*Collected material*:

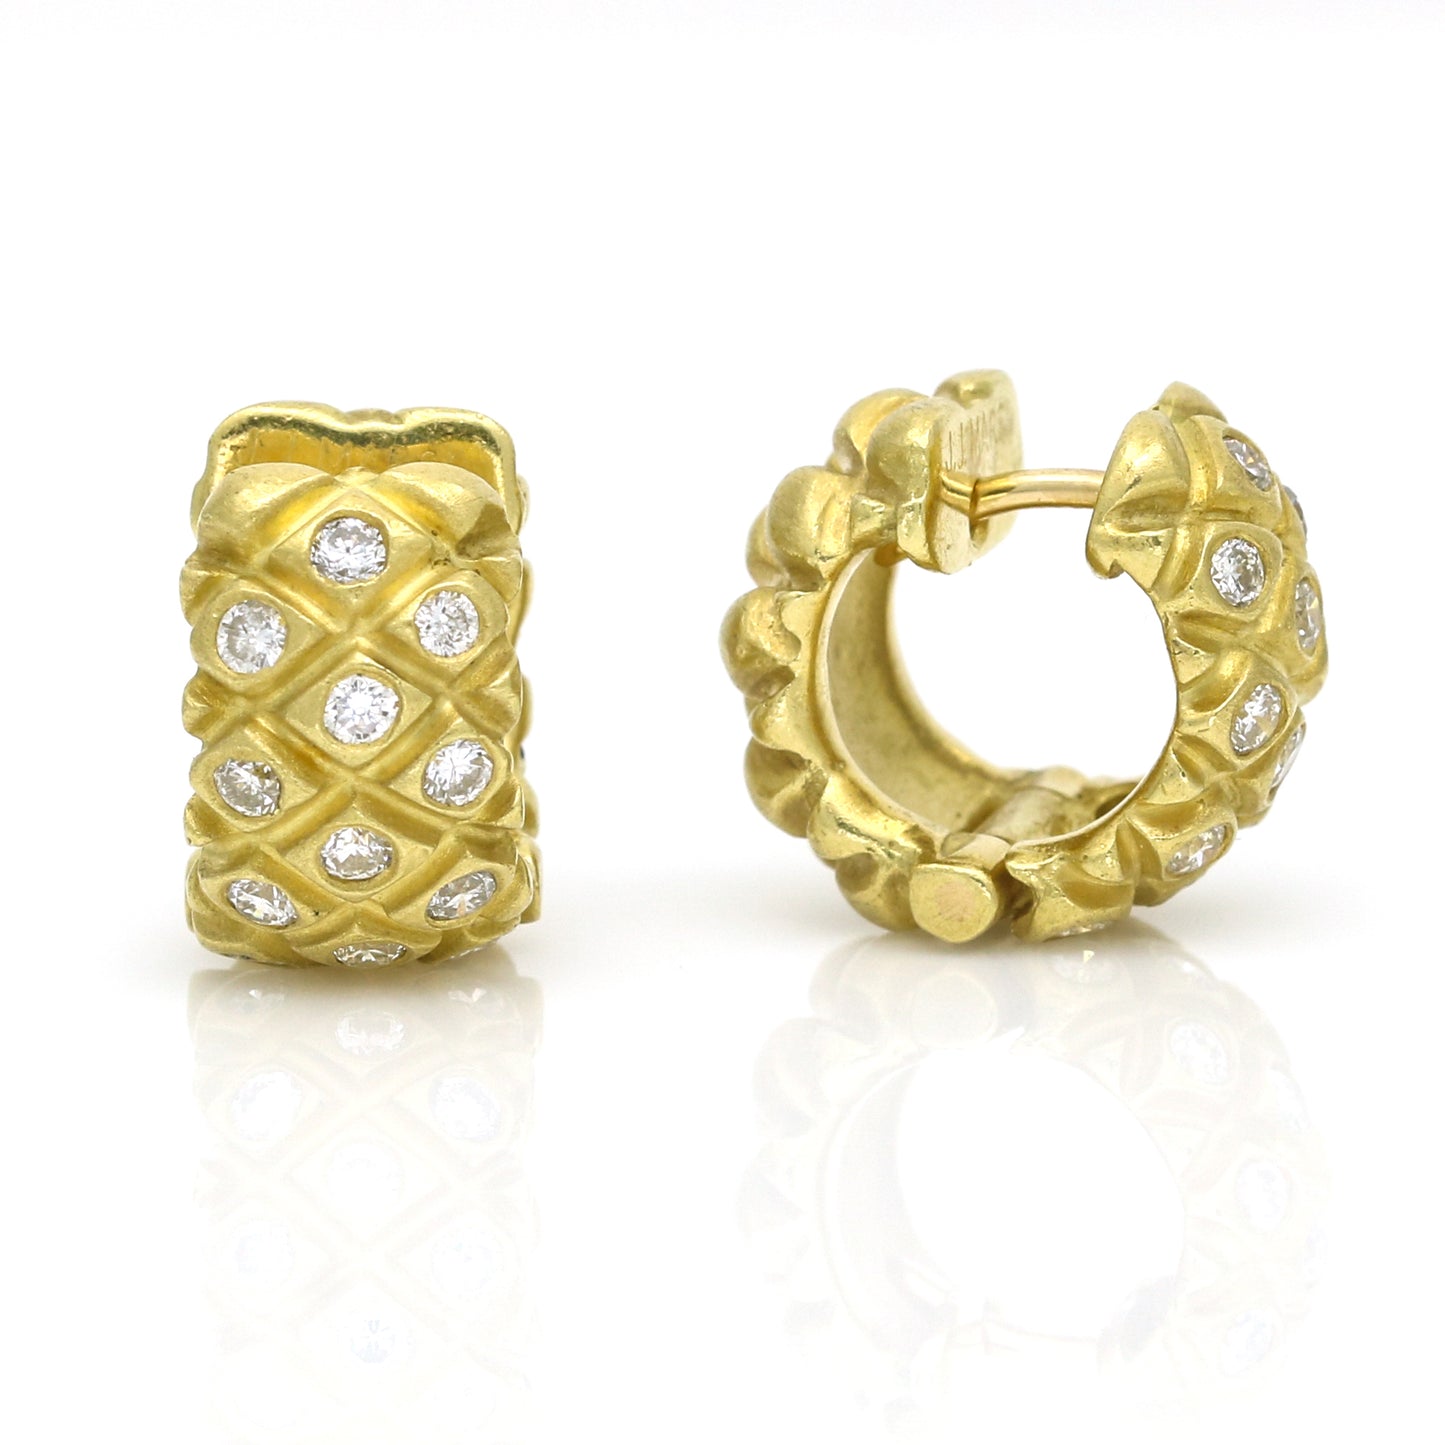 J.J. Marco 18K Yellow Gold Pineapple Pattern Hoop Earrings with Diamonds
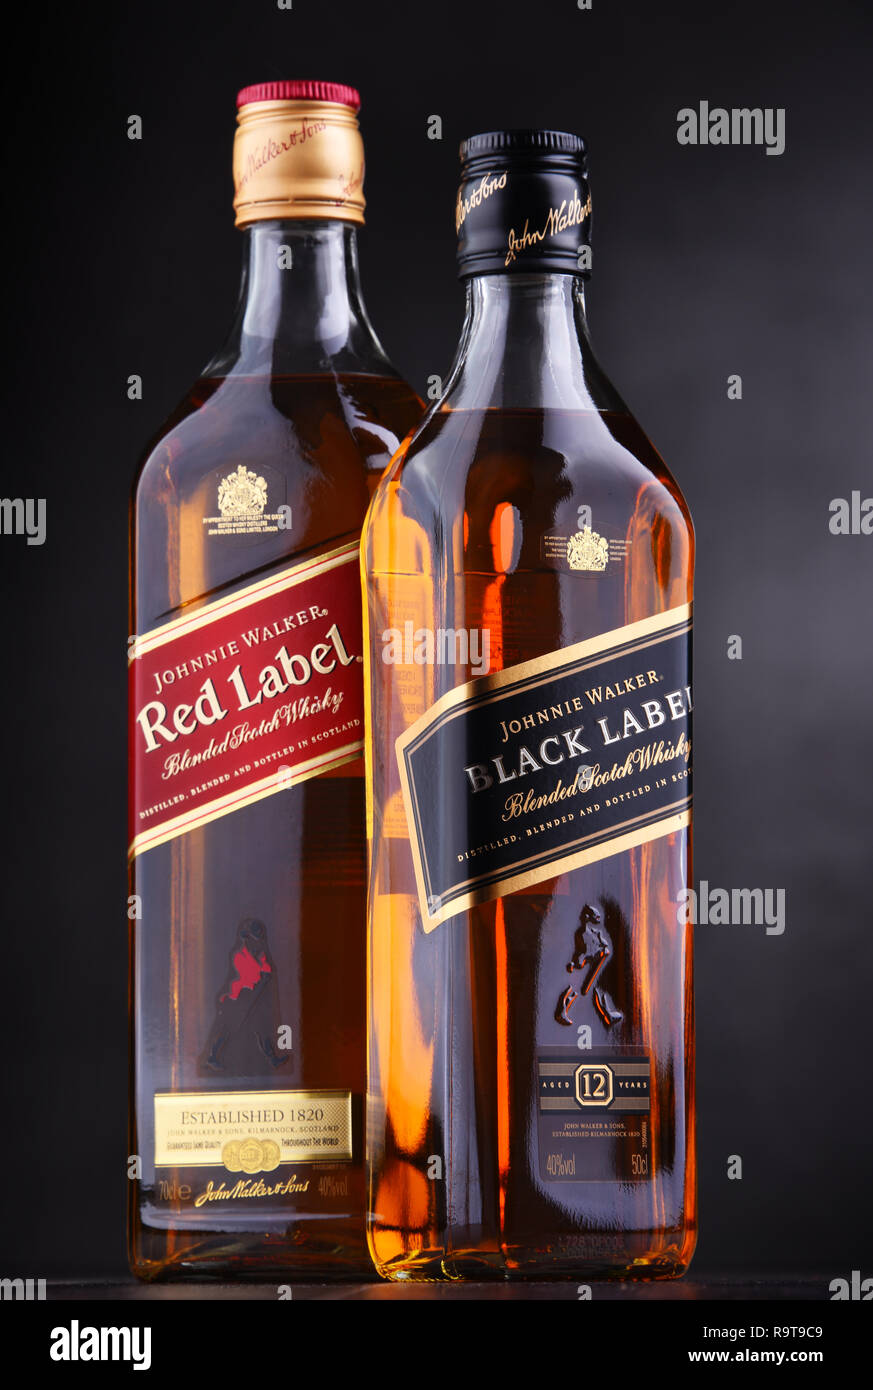 POZNAN, POL - 15.November 2018: Flaschen Johnnie Walker, der am weitesten verbreiteten Marke von Blended Scotch Whisky in der Welt mit einem Umsatz von über 130 Stockfoto
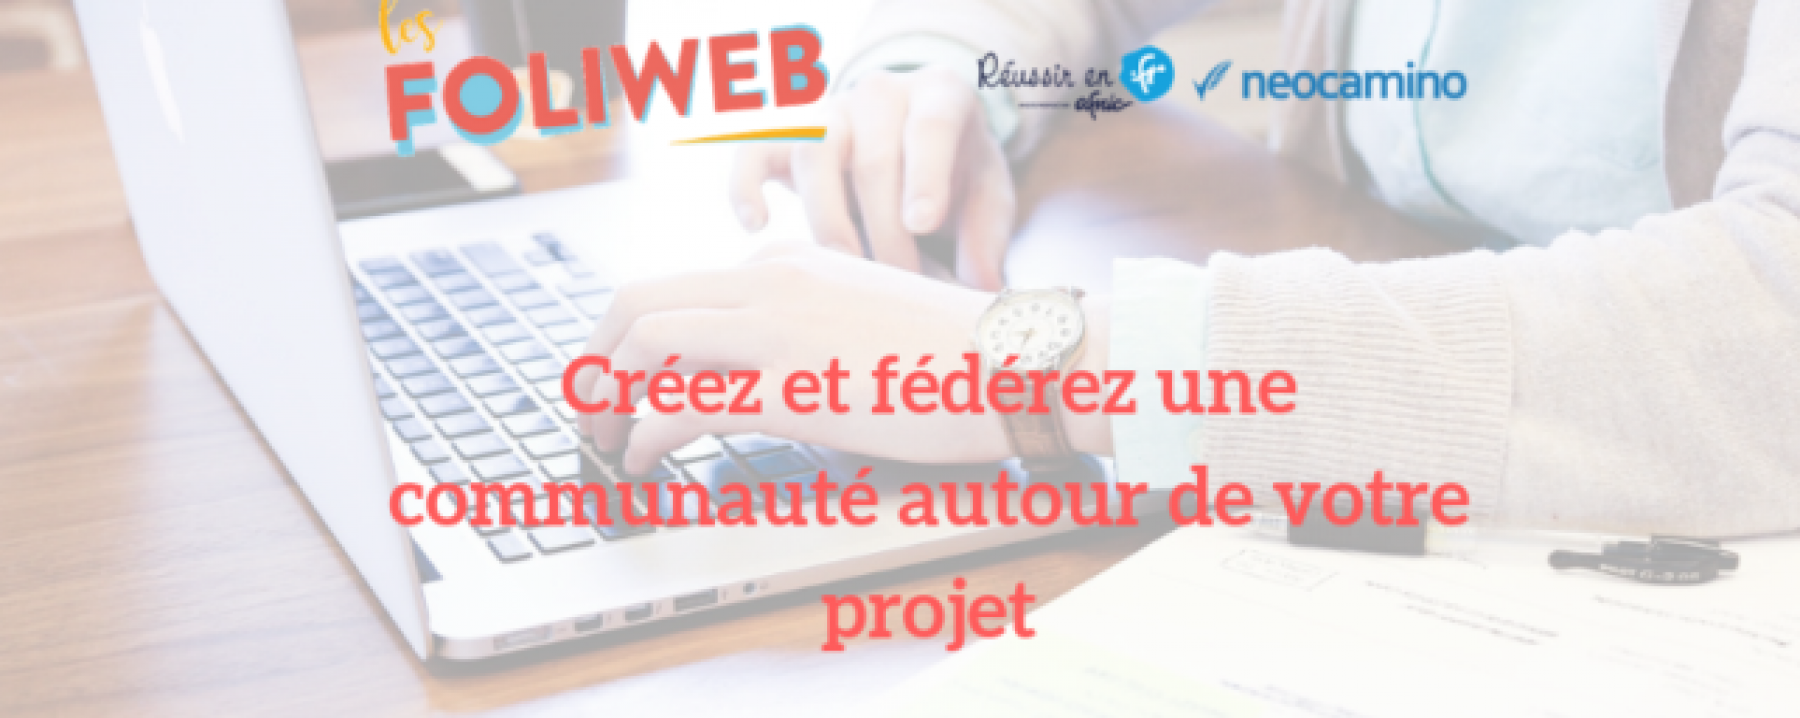 Webinar Créez et fédérez une communauté autour de votre projet, le 4 juin 2020, organisé par Les Foliweb

*Exercise brief*: Give again exactly the lines from the one that contains "POZNAN, POL - 15.November" through the end of the material, both ends included, omitting the pictures.

*Task solution*:
 POZNAN, POL - 15.November 2018: Flaschen Johnnie Walker, der am weitesten verbreiteten Marke von Blended Scotch Whisky in der Welt mit einem Umsatz von über 130 Stockfoto
 Webinar Créez et fédérez une communauté autour de votre projet, le 4 juin 2020, organisé par Les Foliweb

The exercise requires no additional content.